Complete this section only if your super fund or retirement savings account (RSA) provider has given you an acknowledgment of your valid notice which advised them of the amount you intend to claim as a deduction.
Things to know
Personal super contributions are amounts you have paid to an eligible complying super fund or RSA to provide superannuation benefits for either:
- yourself
- your dependants in the event of your death.
You may be able to claim a deduction for these contributions in 2021–22 if all the following apply:
- the eligible contributions were made from after-tax income to a complying super fund or RSA
- you meet the age restrictions
- your valid notice of intent has been sent and acknowledged by your fund.
Before claiming a deduction, you should consider broader tax outcomes that may apply if you have:
- withdrawn your super under the COVID-19 Early release of super program, and
- recontributed that amount back into your super fund to claim a personal super contribution deduction.
Any tax benefit obtained in relation to such a deduction could be cancelled if you enter into a scheme mainly for the purpose of obtaining a tax benefit.

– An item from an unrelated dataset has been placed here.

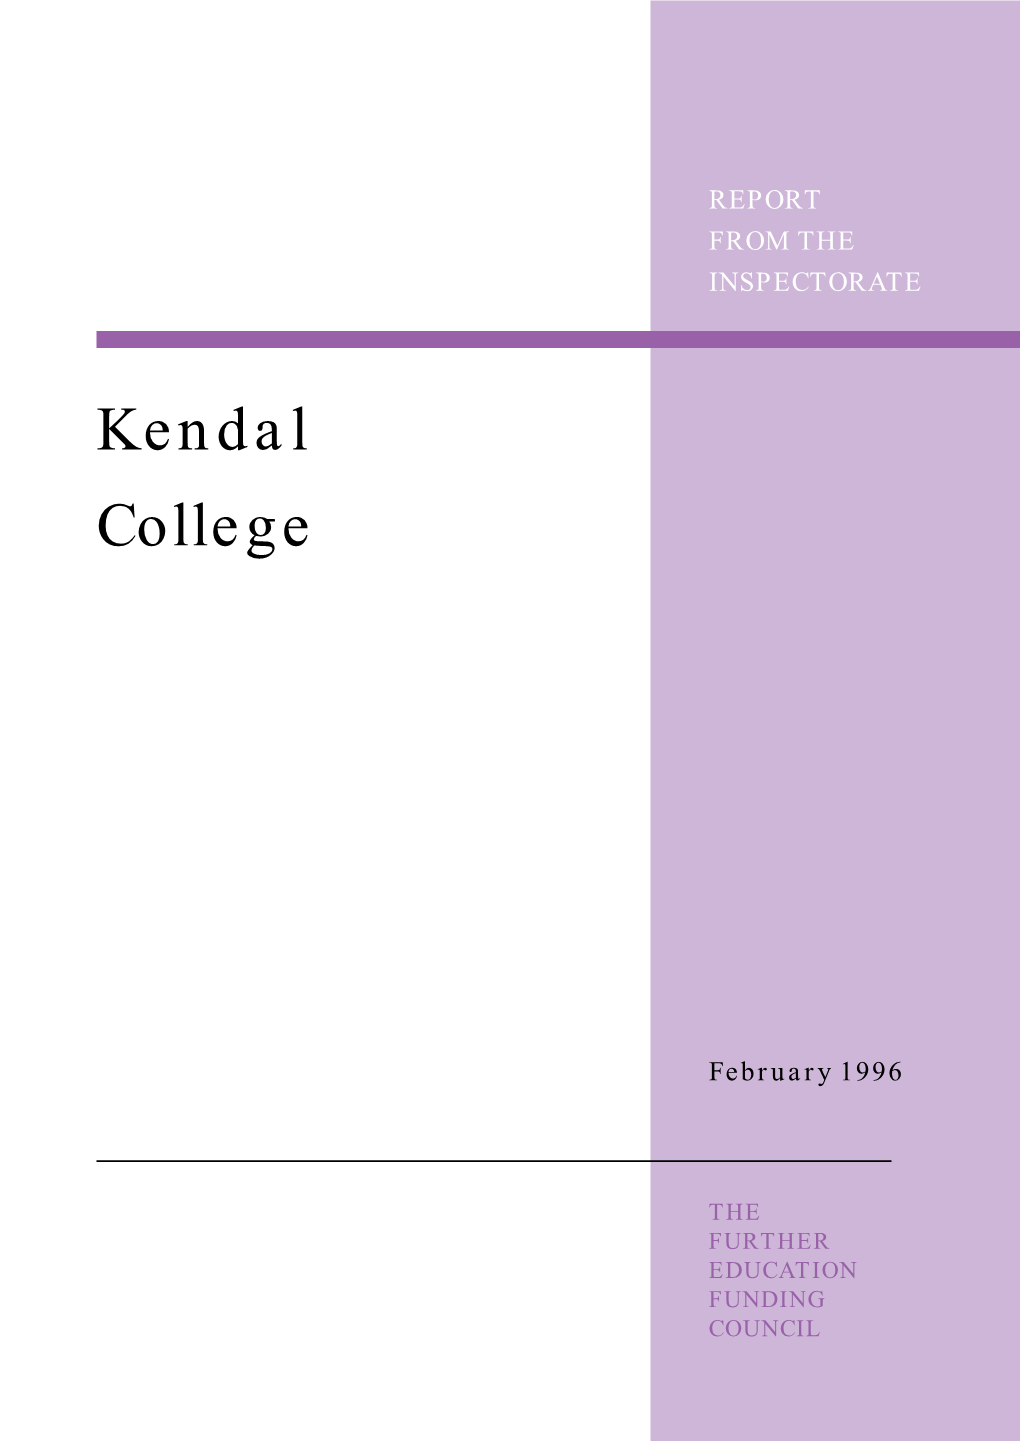 Kendal College
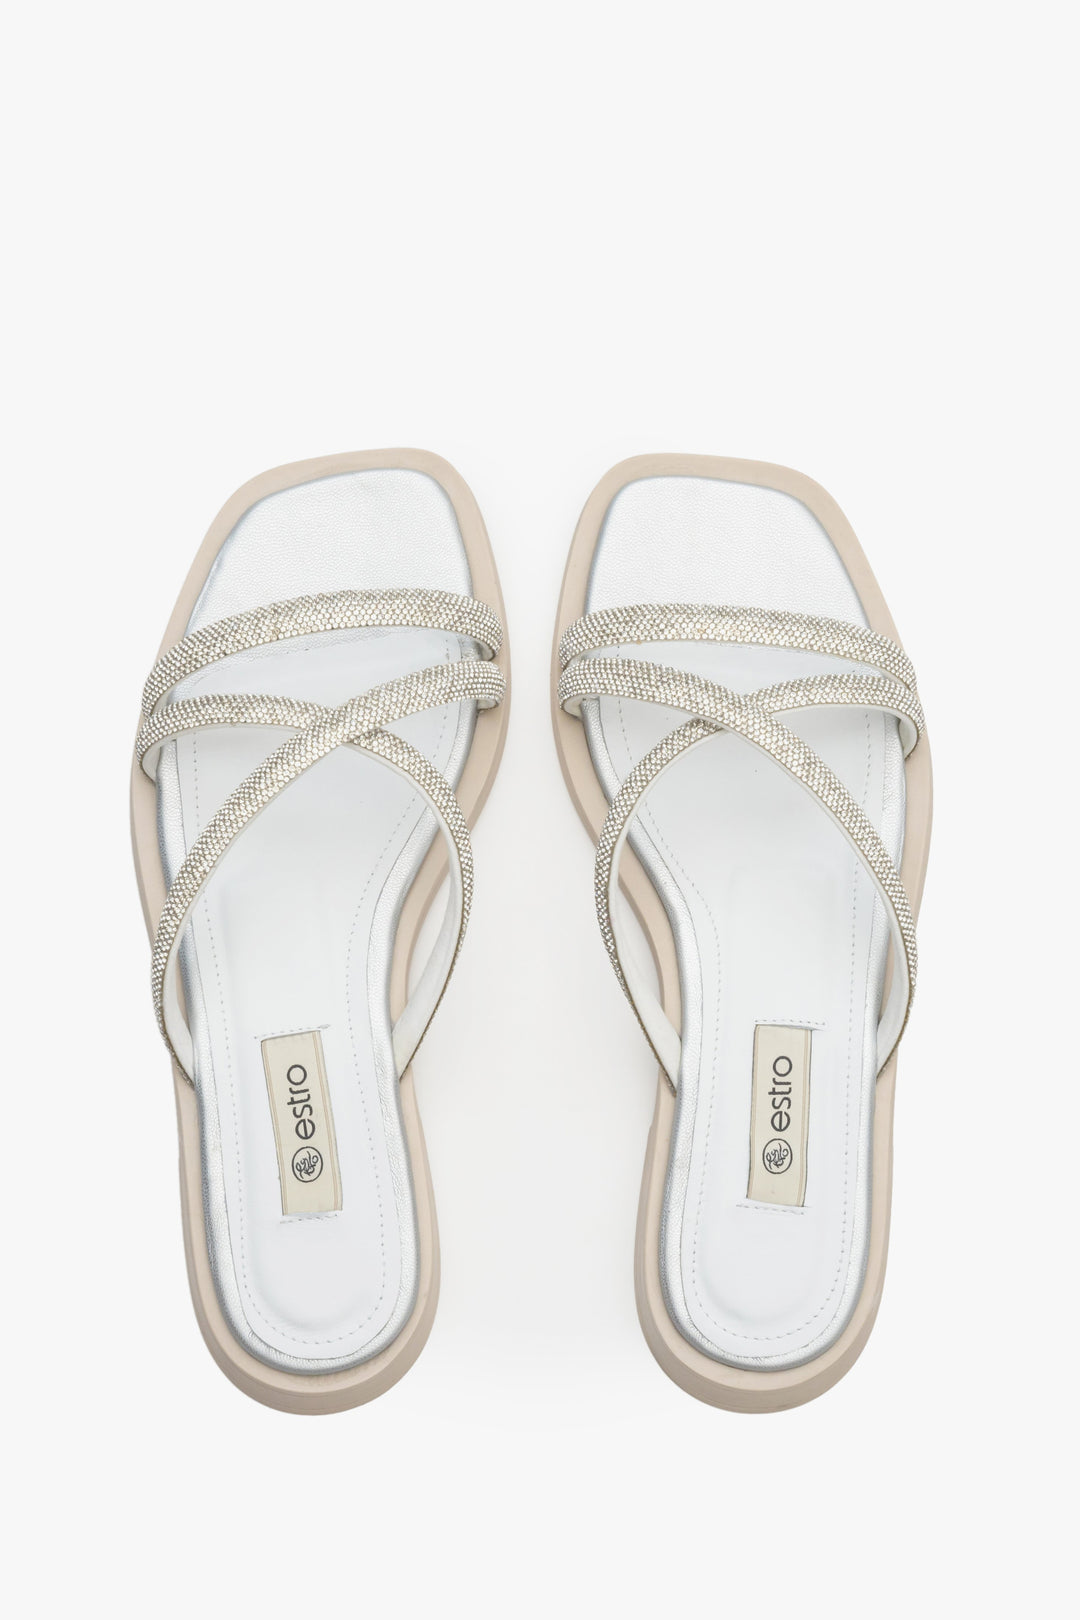 Comfy and stylish women's slide sandals on a flat heel by Estro in silver colour.

Claiming a deduction may have an impact on several areas including:
- income tests for eligibility for certain tax offsets and government benefits
- super contribution caps.
Claiming deductions for personal super contributions has more information, including:
- the effects of claiming a deduction
- what you can't claim.
Related page
Super contributions – too much can mean extra tax
There are limits to the amount you can contribute to your super each year. If you exceed these 'contribution caps', you may have to pay extra tax.
Eligible contributions
You may be able to claim a deduction for personal super contributions that you made to your eligible super fund or RSA provider from your after-tax income, for example, from your bank account directly to your super fund.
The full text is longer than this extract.